Beitrag von dezember2010 »

Moneo, du würdest das auch so weitermachen, wenn du schon kurz vor der Depression sein würdest und bei jedem bisschen aggressiv wirst und deine ehe schon völlig darunter leidet, Du Untergewicht hast und einfach nicht mehr kannst ?

Ich denke jede Mama liebt ihr Kind.. Stillende, nicht stillende, tragende, nicht tragende ... Etc
Na klar will man nur das beste. Nicht umsonst hab ich bis kurz vorm Zusammenbruch durchgehalten.
Aber denkst Du es ist für meinen Sohn das beste eine völlig kaputte Mutter zu haben?

Wenn du das alles so durchhälst, dann ist das Klasse. Nur leider ist nicht jede Frau so. Deshalb ist man aber nicht schlecht. Entschuldige, aber dein post empfinde ich schon ein bisschen verletzend, denn ich hab mich wirkl aufgeopfert und liebe meinen Zwerg über alles!!

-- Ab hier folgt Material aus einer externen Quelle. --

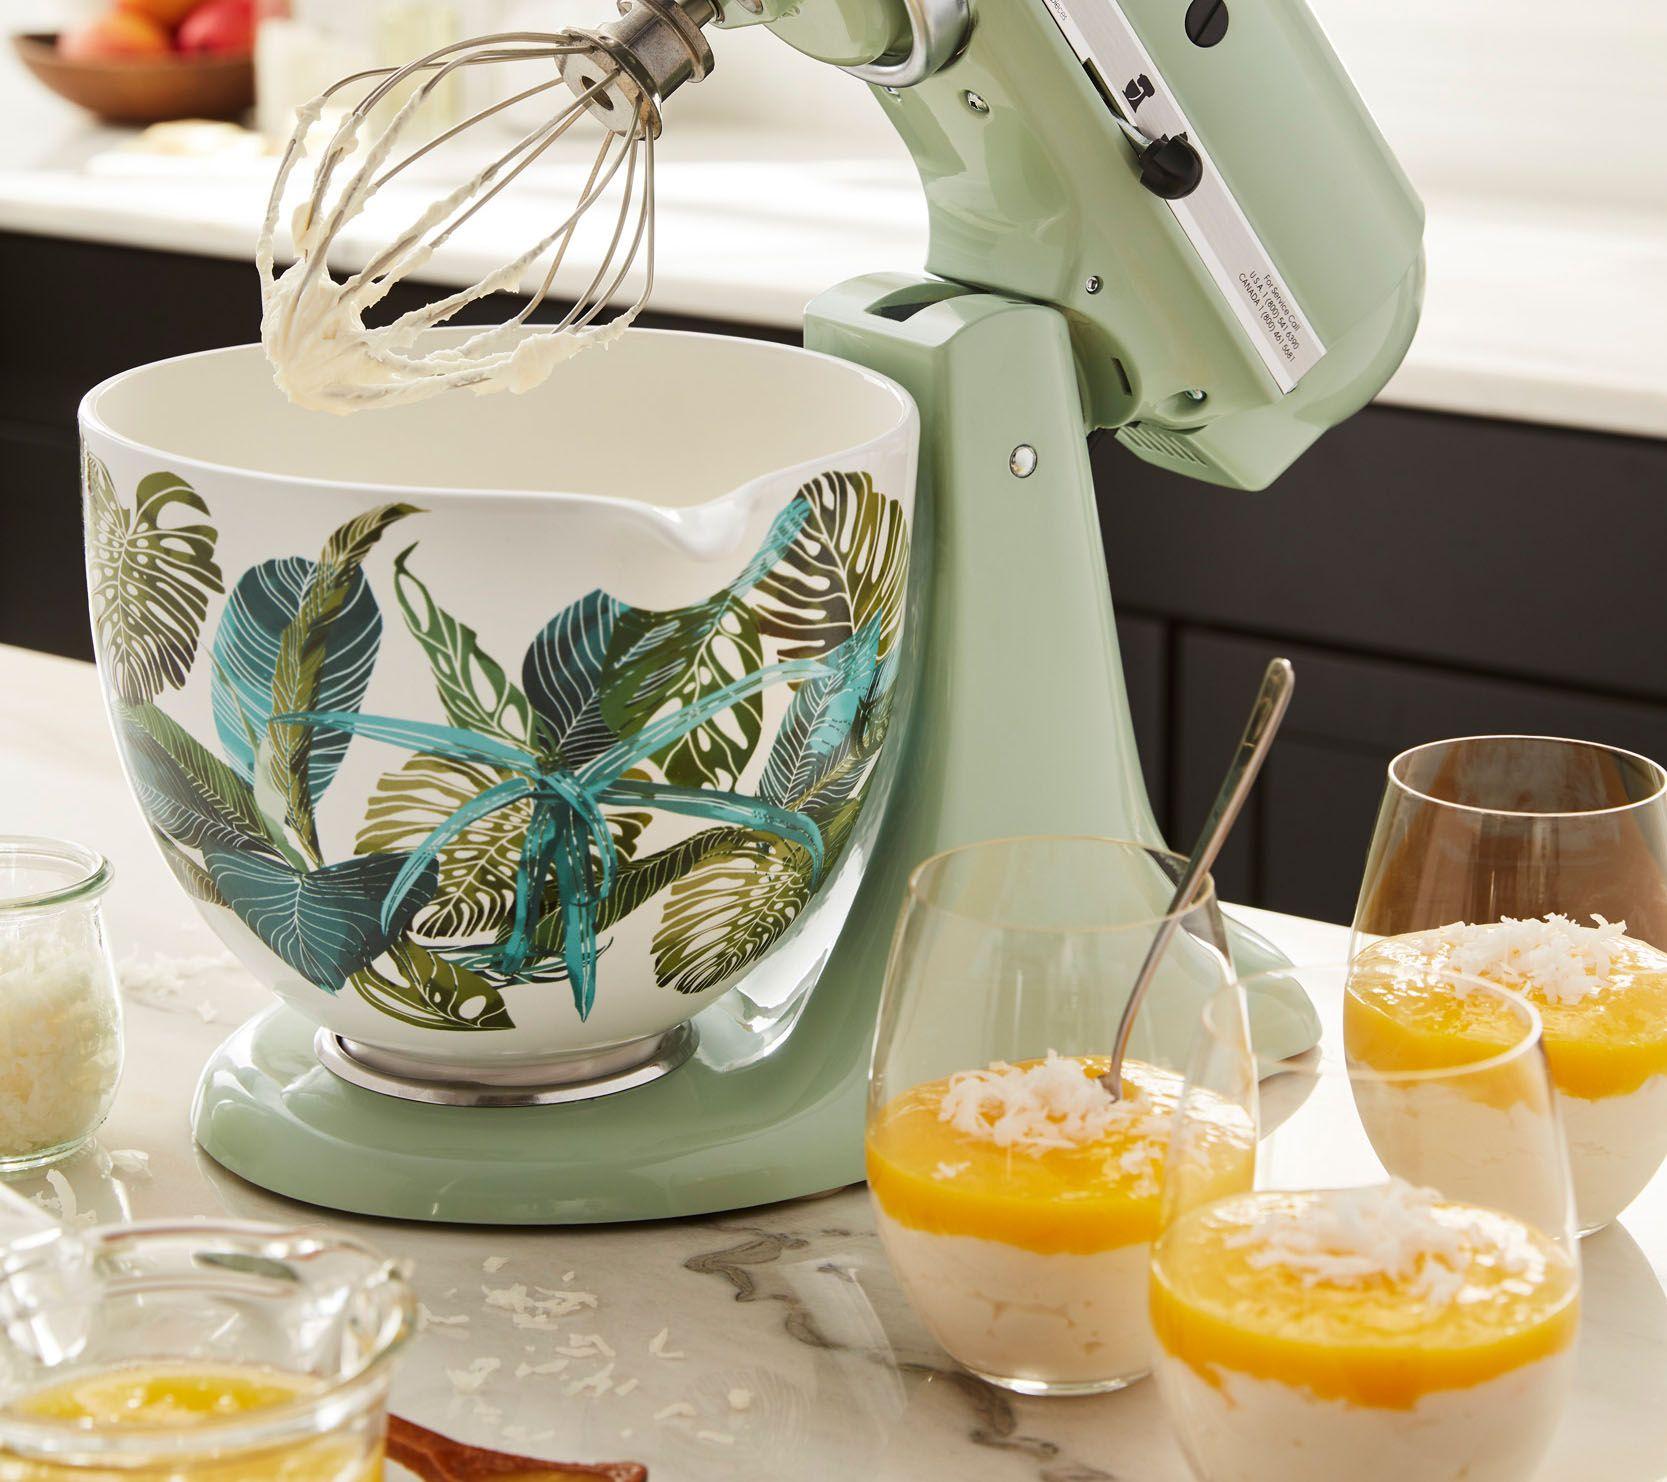 kitchen aid bowls wall art for kitchenaid 5 quart ceramic patterned bowl tropical floral page 1 qvc com
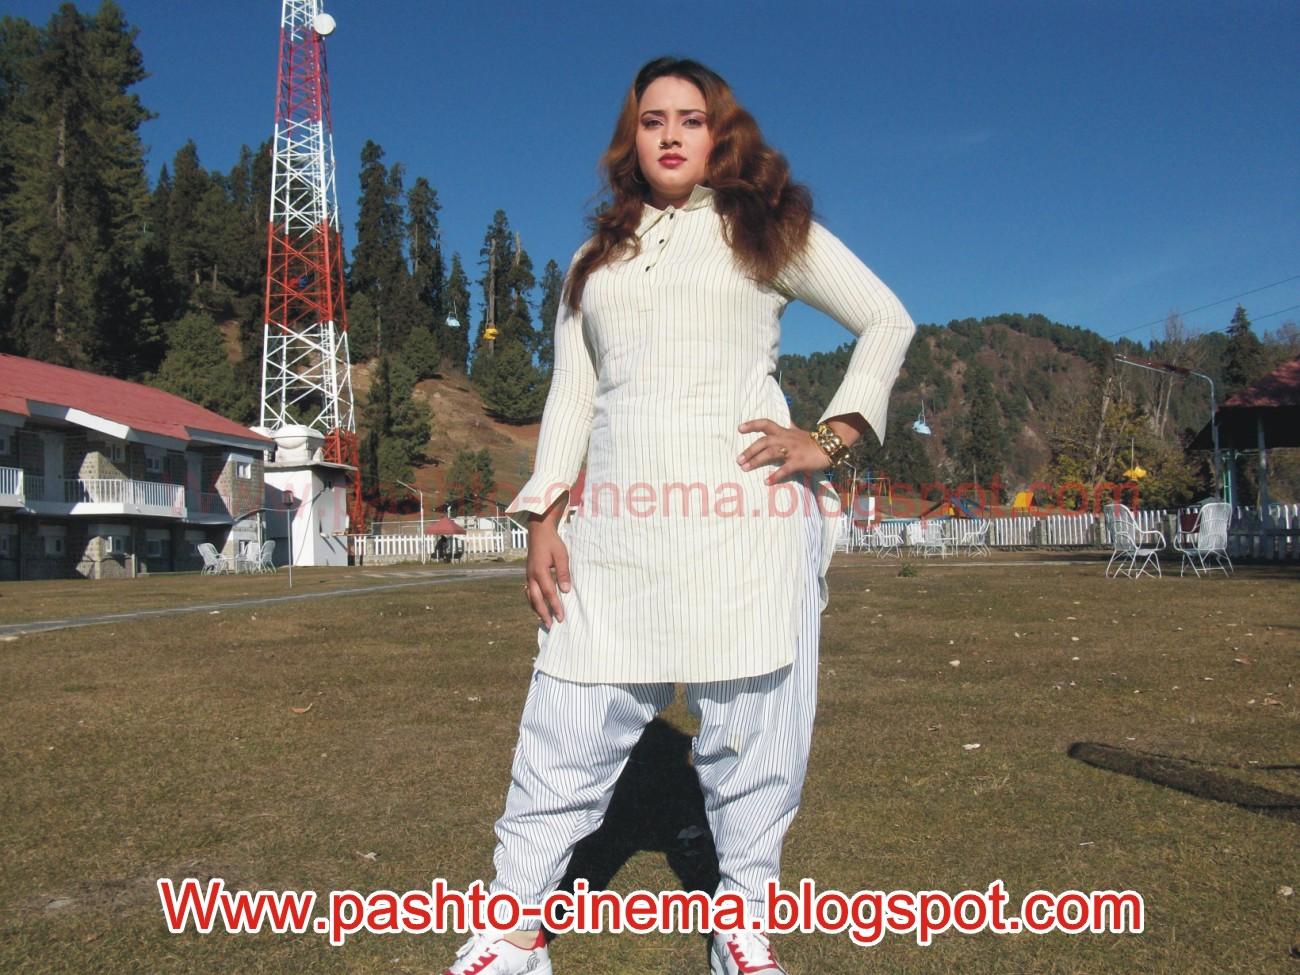 Pashto Dancer Nadia Gul Six: Pashto Songs: Dancer

Ich sag nochmal, was ich auch schon im abfangspost geschrieben habe.
Ich erhoffe mir hiervon keine vorwürfe und will auch nicht hören, warum ich das nicht schaffe, andere können das doch auch etc. Ich möchte gerne Ratschläge haben für mein Vorhaben und aufbauende Worte. Mir geht's wirkl schon schlecht genug.
Ansonsten bitte gar nicht erst schreiben.